[IDIOM] To bite the bullet: to make yourself do something or accept something difficult or unpleasant
Sometimes we indie authors get bad reviews. (This obviously isn’t just an indie thing, but those with publishing houses and editors have a system saying their work is worth their attention and time. When you’re an indie author, it’s just you. Maybe a few of family members and friends, but generally speaking they’re not writing professionals.)
Sometimes we know those reviews are simply the result of the fact that you can’t please everyone.
But sometimes? Sometimes even we are unhappy with our own work. Not just “I could have done X, Y, & Z a bit better, but oh well.” I mean “I can’t stand to even look at the thing and I wonder how many readers stop reading it and it’s just not good.”
For almost a year and a half I’ve been upset with the quality of my first book, No Angels, so I got honest opinions from some other authors. The reviews, (all poor), stated the book had a lot of potential and could’ve been a wonderful read, but it needed more work. They confirmed my worries.
So what to do? I could:
A.) not do anything, allowing people to read my shoddy first work at the risk that it will draw them away from the second and third installments, (which in my opinion are of significantly better quality)

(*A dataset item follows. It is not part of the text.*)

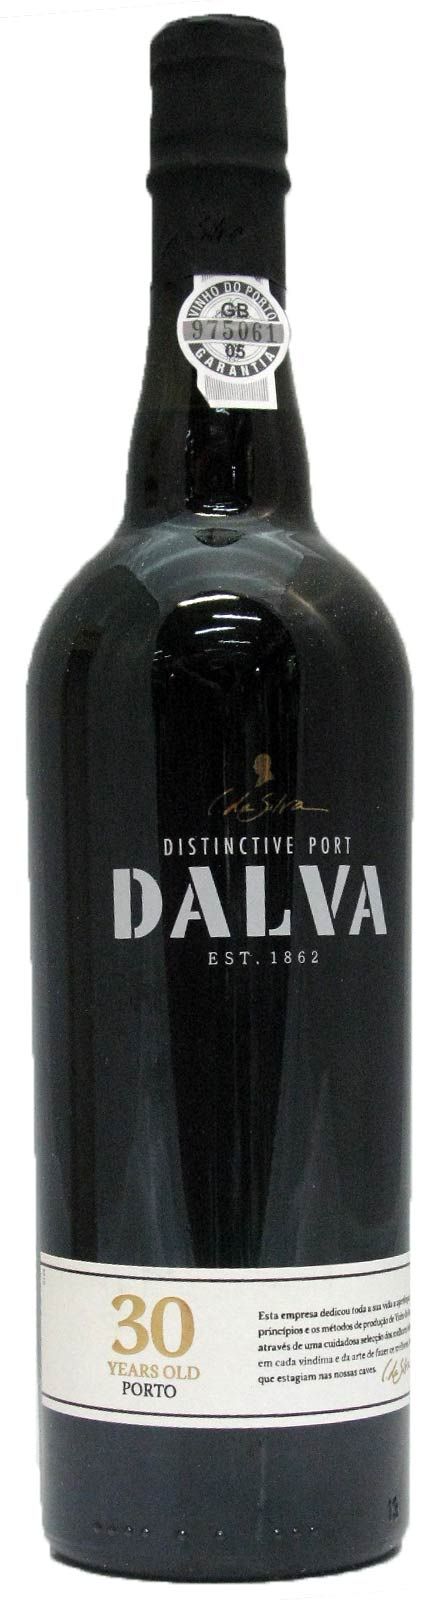 Wine Vins Dalva Porto 30 Anos

B.) bite the bullet, edit and revise No Angels, and put out a new edition.
As an author, I want to give people the best story I can. I intend to do so, releasing a new edition of No Angels in 2014 before the release of my third and final installment in the trilogy*. By correcting something that’s been bothering me for over a year, I can let the trilogy rest in peace and look back at it with the satisfaction of a job well done. I hope you’re just as excited as I am.
Onwards I go!
* The release of a new edition of No Angels will not affect The Final Advent‘s release date.